Truthfully, it got worse. The amount of time it would take to tell every incident, to detail what life in the dorm was like, would be immense. There was yelling, a lot of it, then the strained moments in which we tried to compromise, then ultimately silence that was not just awkward, but filled with tension. We were definitely both at fault. I was used to my living situation at home, where I could be left alone in peace and quiet, and she was used to being able to have people over whenever she wanted. There were times we lost our tempers with each other, but we also tried to be civil with each other the following day. Countless discussions about what we could do to make the other feel more comfortable often came to nothing, and we even went to our RA for guidance at one point. At the end of the day, whether we had come to an agreement or not, we were left unhappy.

Since then, I’ve chalked it up to us being victims of circumstance. I am almost certain that if we hadn’t had to live together we would have been friends. We were just highly incompatible when it came to our ways of living. And unfortunately, it got to the point I’d do anything to be out of my dorm. 

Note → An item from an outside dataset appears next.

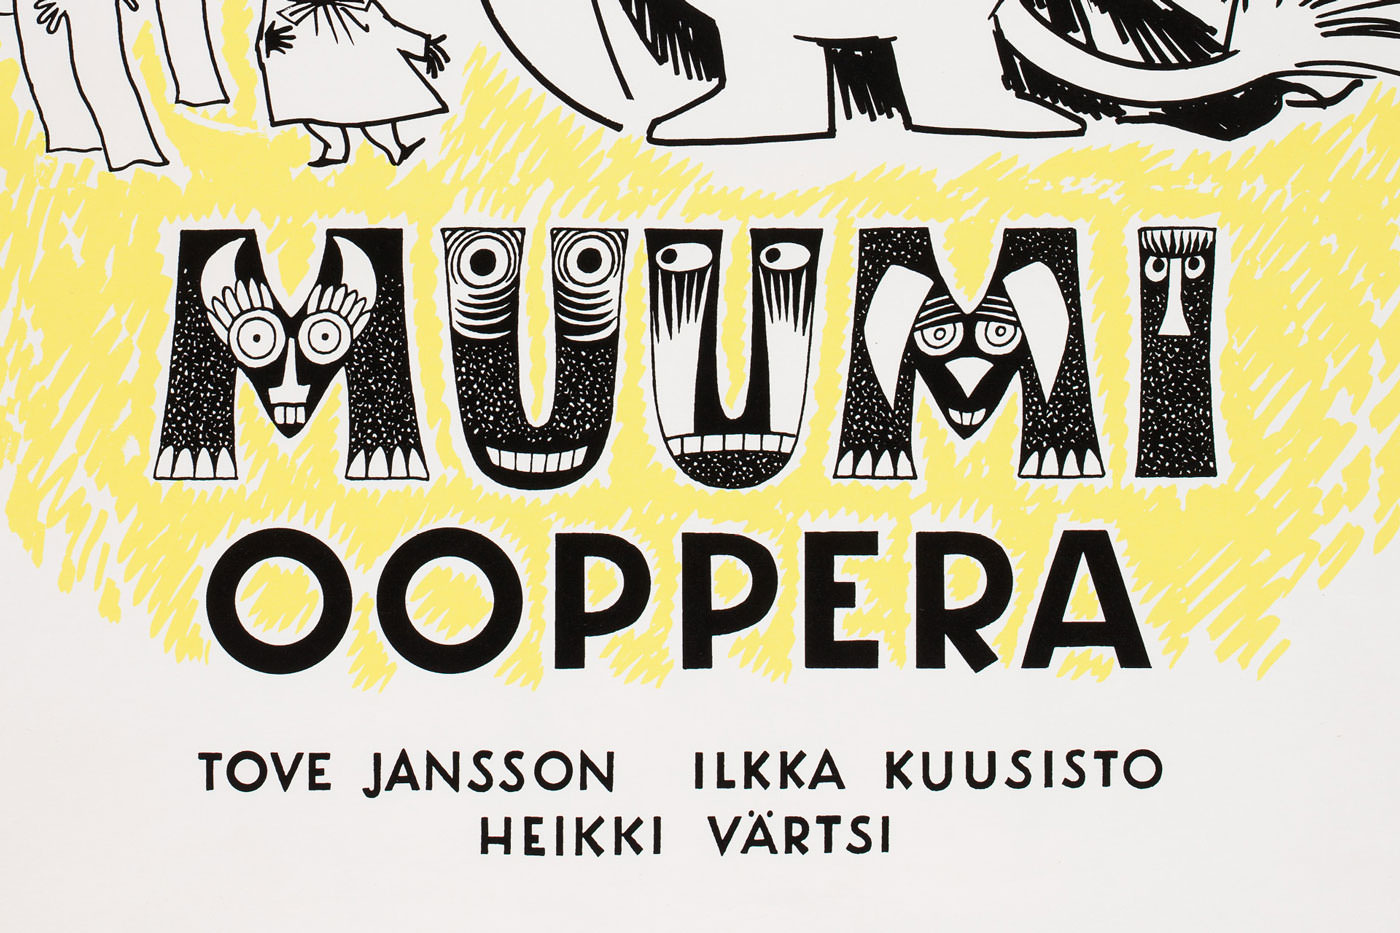 Mumin-opera Tove Jansson
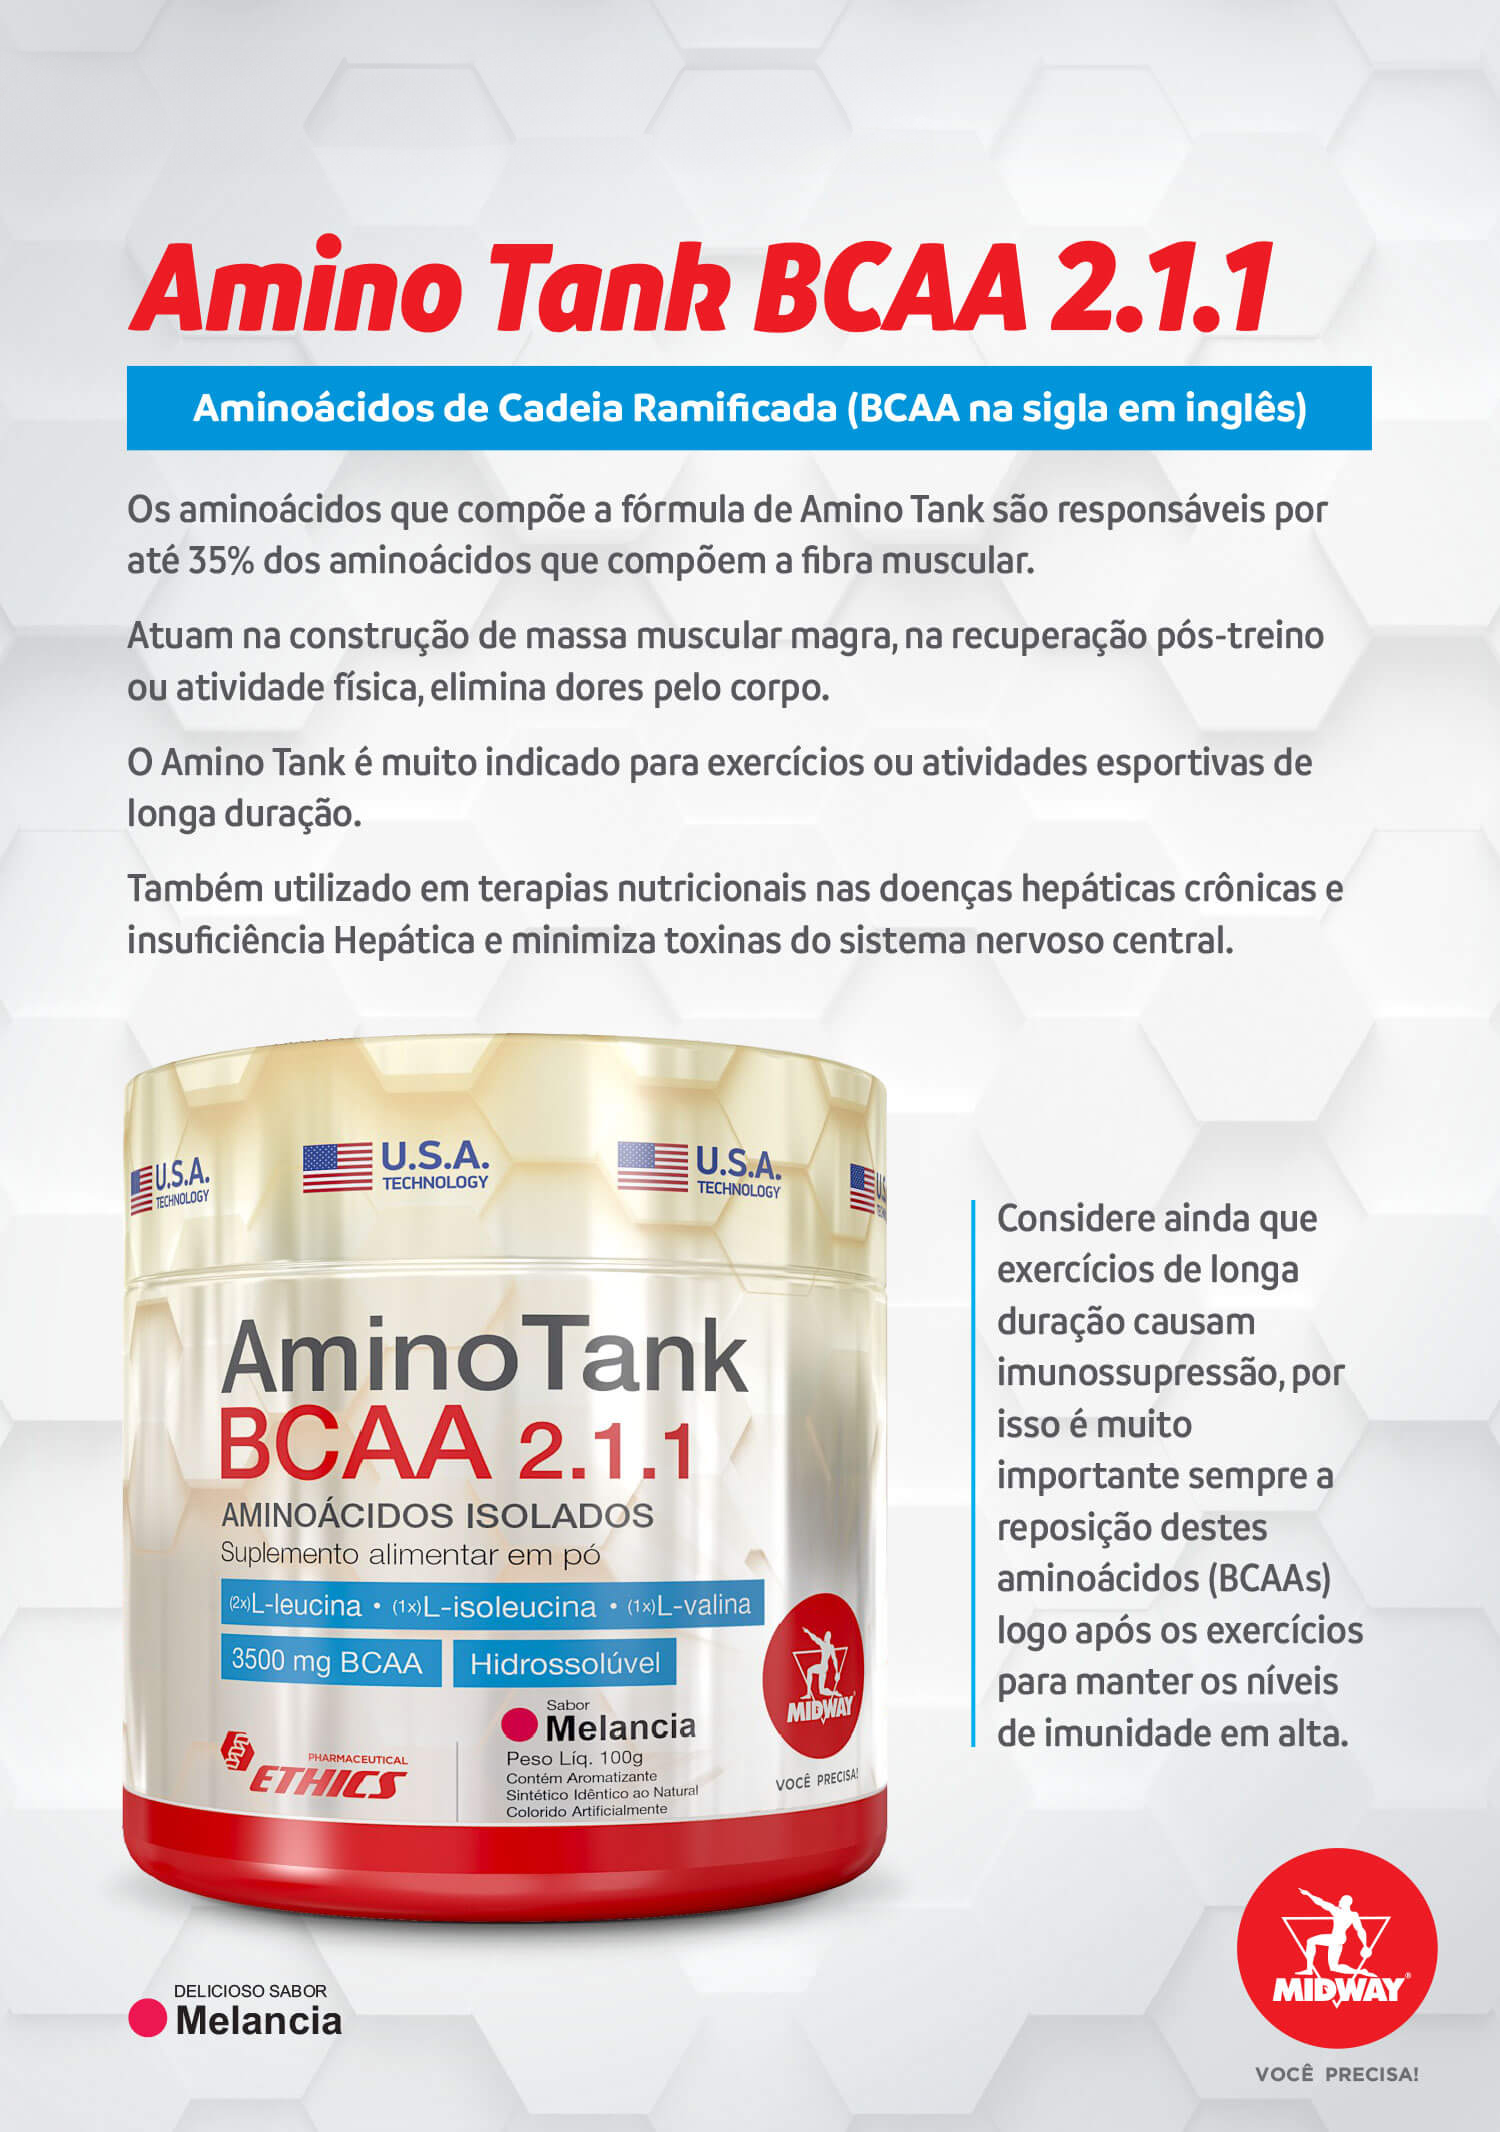 Amino Tank BCAA 2.1.1

“I know what we can do,” Leslie said one day as we lounged on her bed. Her eyes had lit up all of a sudden as we watched a movie on her laptop in the dark. We’d been dying for a break in routine lately and she knew I needed something to take my mind off of my living situation. “I Sodi,” she said excitedly.

I blinked. “What’s that?”

“I Sodi. It’s a super fancy Italian restaurant. You have to make a reservation, like, months in advance to eat there. But after our History of the Universe final, we should go there to celebrate!”

So we made the reservation (two months in advance) and saved the little money our parents sent us to be able to have a fulfilling experience come December. When the day finally came we threw on our nicest looking sweaters and coats and braved the cold wind, walking the streets of New York to finally arrive at the steps of I Sodi. And yes, it was worth it. Of course, it was nice to be out of the dorm, but it was also one of the few times that semester I genuinely enjoyed being in New York. We still felt out of place sitting amongst people who certainly looked like they didn’t have to save money to eat there, but the meal has lived on in our memories as one of the best New York has gifted us thus far since living there. Worries fell away, the food melted in our mouths, and I could forget about what awaited me back at the dorm.

I Sodi in New York City.

But many times when I look back on my freshman year, especially that first semester, I wish I’d done better. What if there was something I could have done to make my situation more tolerable not just for me, but for my roommate?

Here are some steps you can take to try to improve your relationship with your roommate:

  • Take a Breath – Maybe you are like me and you get overwhelmed by what is bothering you and want to fix it immediately. There were times I know I was a little too quick to get on my roommate for something when I should have calmed down first thing. So breathe. Sometimes it’s a case of having to choose your battles. If you think you can handle it, try to do so, especially if there is more than just one issue at hand. 
  • Talk to Them – Can’t take it anymore? Sometimes you have to start that awkward conversation. Make sure you know what you’re going to say first and make sure you have a positive attitude before you talk to your roommate. They will likely hear you out and try to fix the situation if you are nice about it. In other words, don’t be my roommate or me who many times just snapped at each other. 
  • Give Them a Chance – College is overwhelming. It doesn’t take long to realize that. So it is likely your roommate may forget (again? Yes, again! It’s okay, take another breath) that it’s their turn to clean, or that they promised they would take out the trash. Give them at least a week before you bring it up again. It can take a while to implement something into your routine.
  • Talk to Your RA – If you are still having issues, do not be shy to knock at your Residential Assistant’s door. They will more than likely smooth over the situation and will be a neutral voice that you can count on to help you and your roommate reach a true compromise. 
  • Take it Easy – It’s possible more issues will arise, likely a few of the same ones. I made the mistake my freshman year of getting too hung up on these things, of letting them eat away at me to the point I couldn’t enjoy my time in New York. Do your best to shrug these things off. Do things that you enjoy to take your mind off it. You cannot control your roommate, but you can take care of yourself. 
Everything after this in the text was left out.